The California Attorney General’s Office has been awarded nearly $750,000 in federal grant funds for Back on Track LA, a recidivism reducation pilot program. The program is one of only four in the nation to receive the funding, granted through the U.S. Department of Justice’s Second Chance Act.
Back on Track LA, being developed by the California Department of Justice, has been designed to deliver critical educational and comprehensive re-entry services pre- and post-release.
It will build on the L.A. Sheriff Department’s Education Based Incarceration Program by working in partnership with several educational institutions. One of these, the Five Keys Charter School – established in 2003 in San Francisco as the nation’s first charter school to operate within a county jail and now with a site in the Los Angeles Sheriff’s Department – will be geared towards those without a high-school diploma or GED.
Others, Los Angeles Mission College and Los Angeles Trade-Technical College in the Los Angeles Community College District and College of the Canyons in the Santa Anita Community College District, will provide higher education opportunities that include prerequisites for community college degrees, credentials and certificates.
Among other partners are the Ford Foundation, Rosenberg Foundation, California Community Foundation, California Wellness Foundation and the California Endowment.
Program participants – non-serious, non-violent and non-sexual crime offenders between 18 and 30 years old who are incarcerated in the LASD jail system – will be enrolled in the Back on Track LA pilot program for 24 to 30 months.
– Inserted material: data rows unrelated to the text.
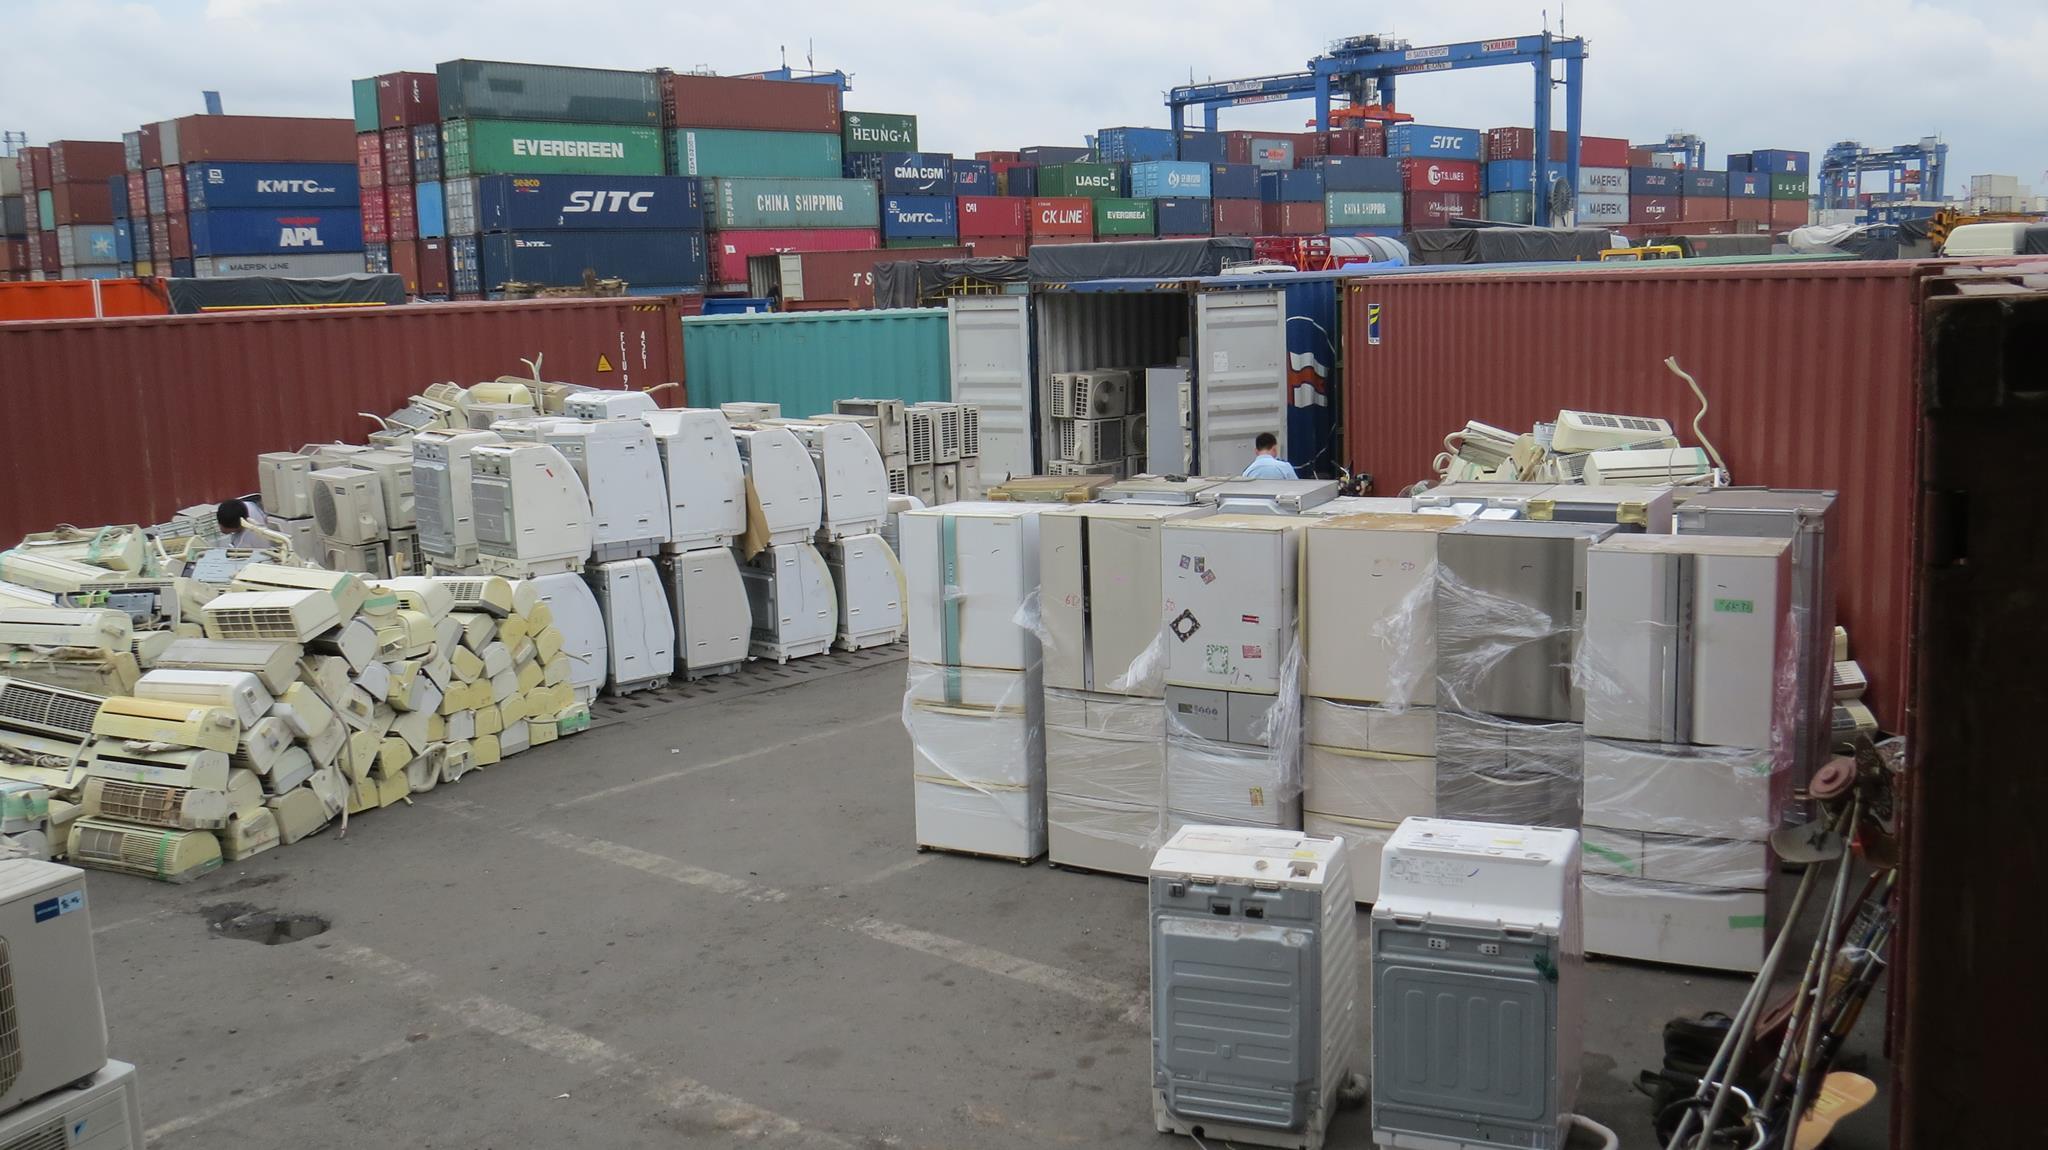 Sửa chữa tủ lạnh máy giặt điều hòa uy tín chuyên nghiệp giá rẻ nhất tại Hà Nội 0911464875
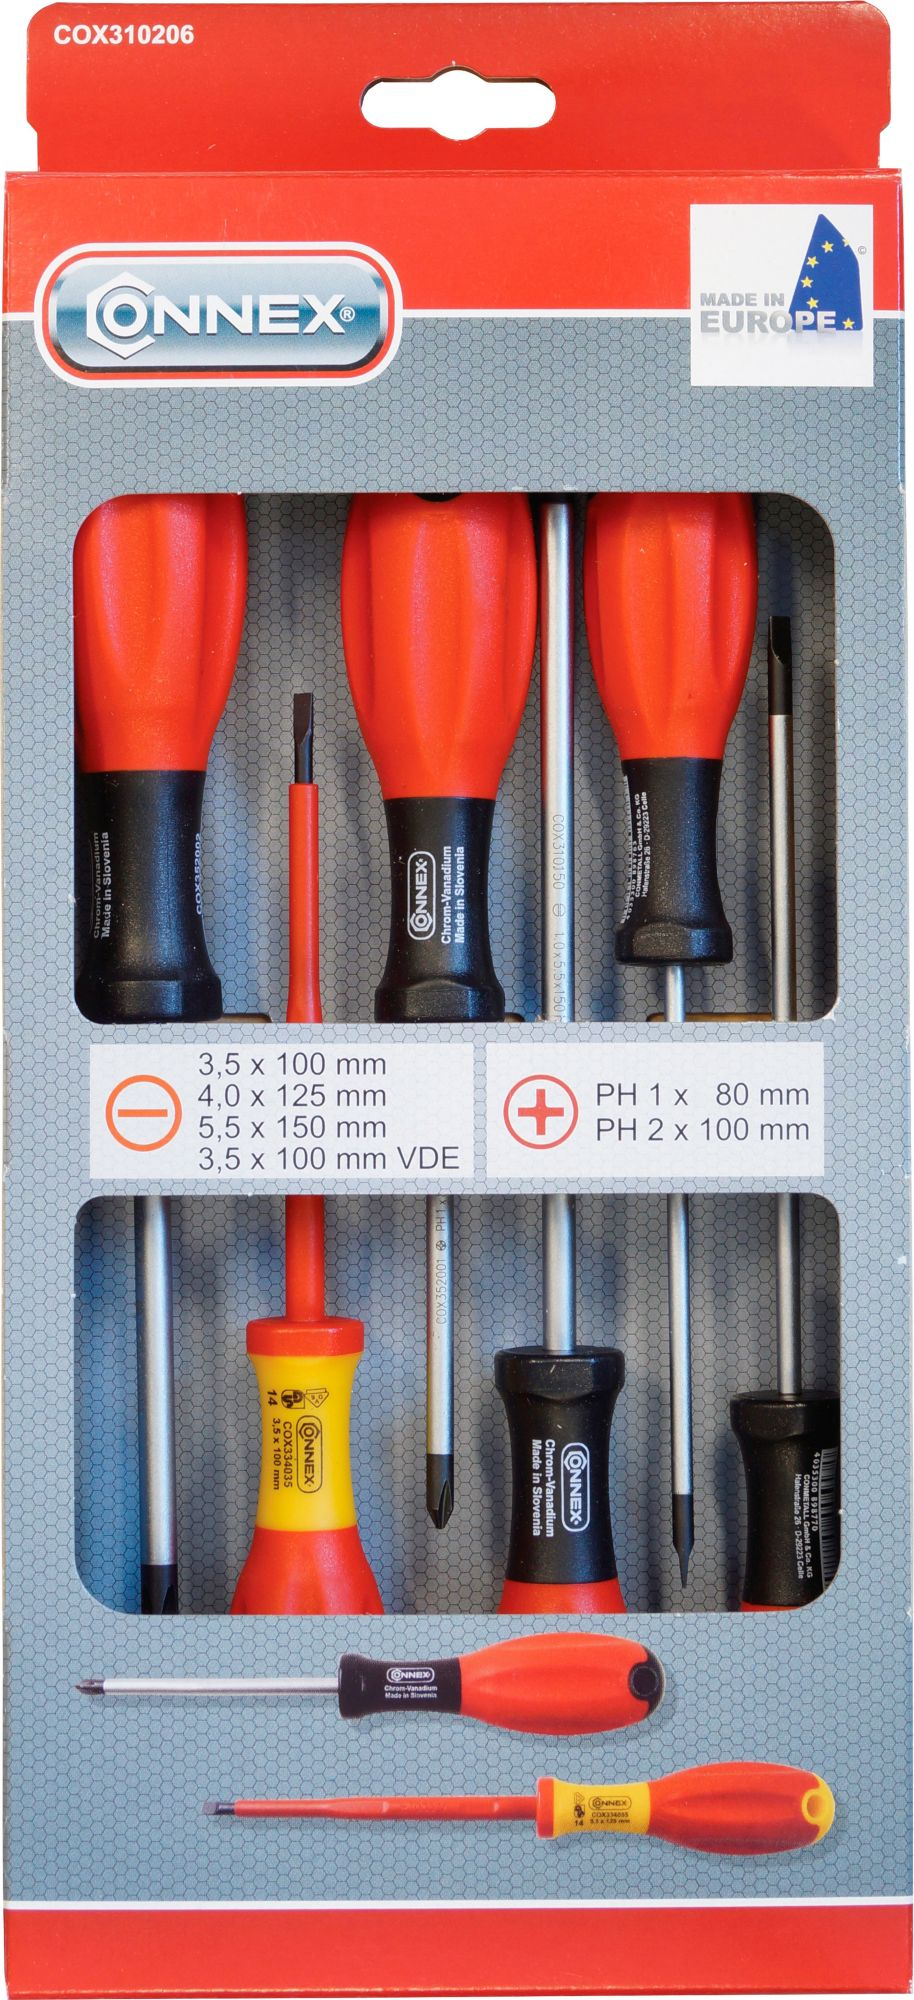 CONNEX Connex Schraubendrehersatz »COX310206«, 6-tlg, sortiert
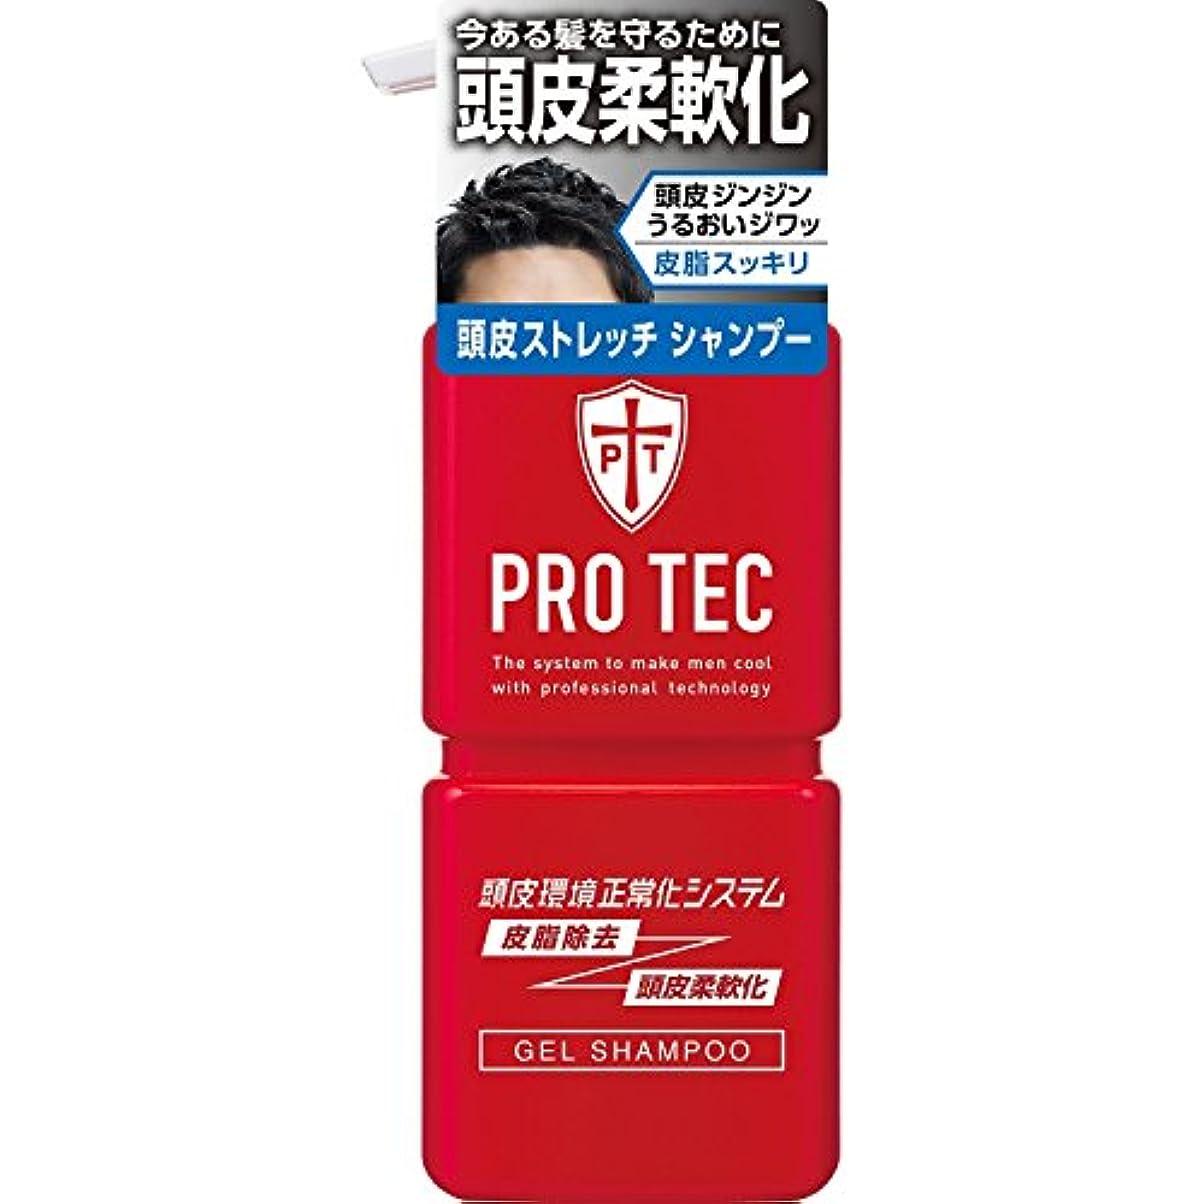 新年においジュラシックパークPRO TEC(プロテク) 頭皮ストレッチ シャンプー 本体ポンプ 300g(医薬部外品)
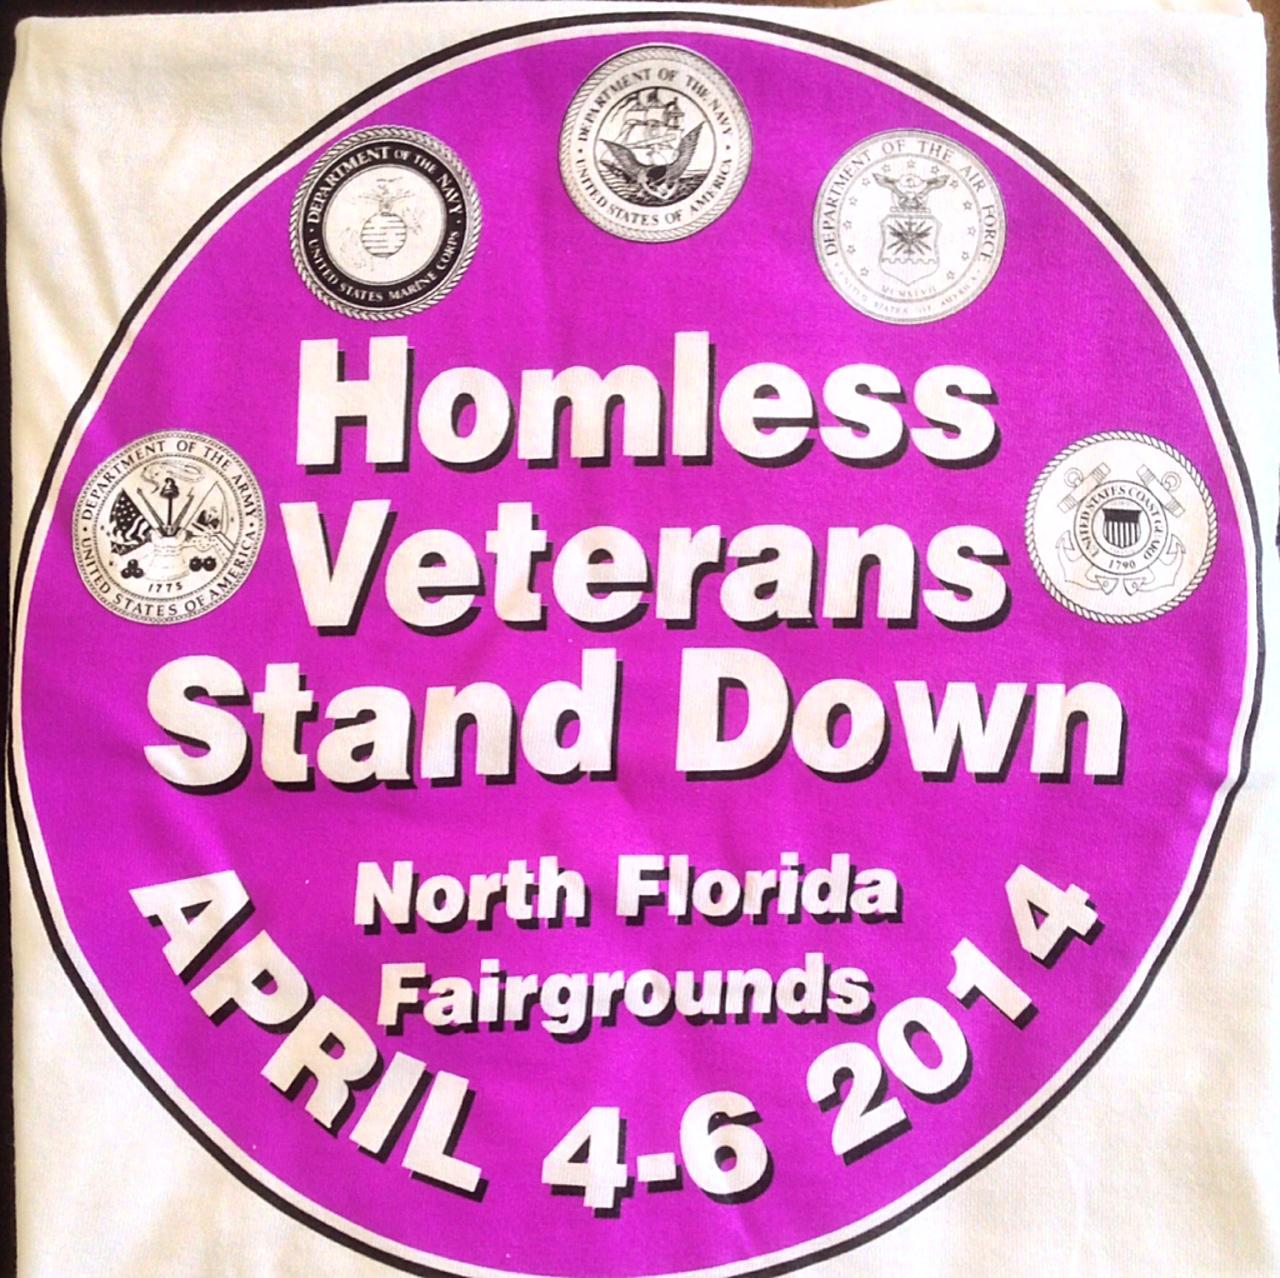 Liebenhaut Volunteers for Homeless Veterans
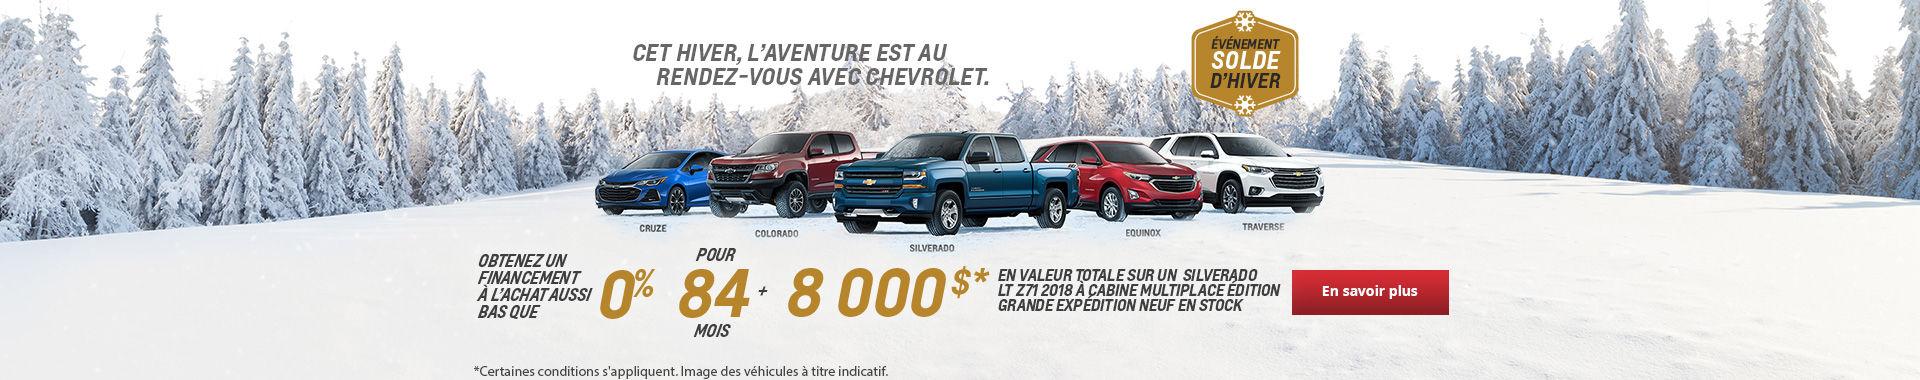 Concessionnaires De Vhicules Chevrolet Cadillac Neufs Et Usags
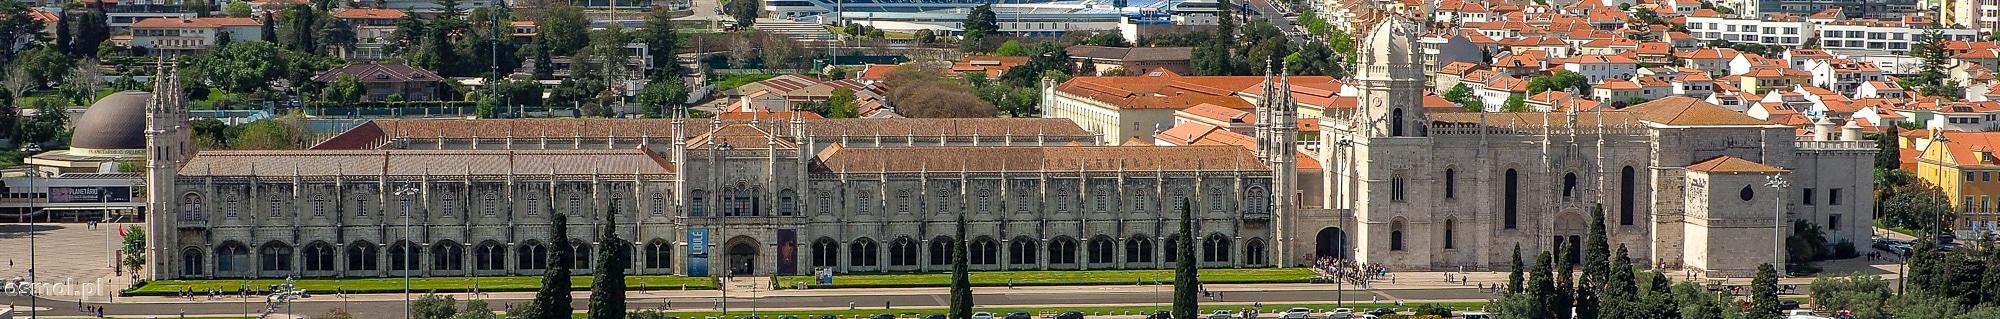 Klasztor Hieronimitów widziany z góry z pobliskiego Pomnika Odkrywców.

Twelve to18 of these months will be while they are in custody and 12 months while out of custody.
“As the largest Probation Department in the nation, we are pleased to partner in the Back on Track LA program which will allow us to have further impact on the transition of inmates back in to the community by offering case management services directly inside the custody setting such as cognitive behavioral therapy and other mental health services,” said L.A.’s Chief Probation Officer Jerry Powers when the announcement was made late last month. “Upon release, the probation team will also be able to assist in linking inmates to additional services in the community.”
The Second Chance Act, signed into law in 2008, provides funds to improve outcomes for those previously incarcerated as they reintegrate into their communities. Through a competitive grant process, this legislation authorizes federal grants to government and nonprofit agencies working to reduce recidivism by those returning to local communities from prison, jails and juvenile facilities.
Back on Track LA follows in the footsteps of a San Francisco program with the same name created in 2005 by former San Francisco District Attorney and current California Attorney General Kamala Harris. Developed for certain low-level, non-violent drug offenders, it reduced recidivism among its graduates to less than 10 percent over a two-year period.
In November 2013, Attorney General Harris also established the California Division of Recidivism Reducation and Re-Entry, an office designed to curb recidivism in the state by partnering with counties and district attorneys on best practices and policy initiatives.
The new division is tasked with the development of a statewide definition of recidivism, identifying grants to fund the creation and expansion of innovative anti-recidivism programs and using technology to facilitate more effective data analysis and recidivism metrics.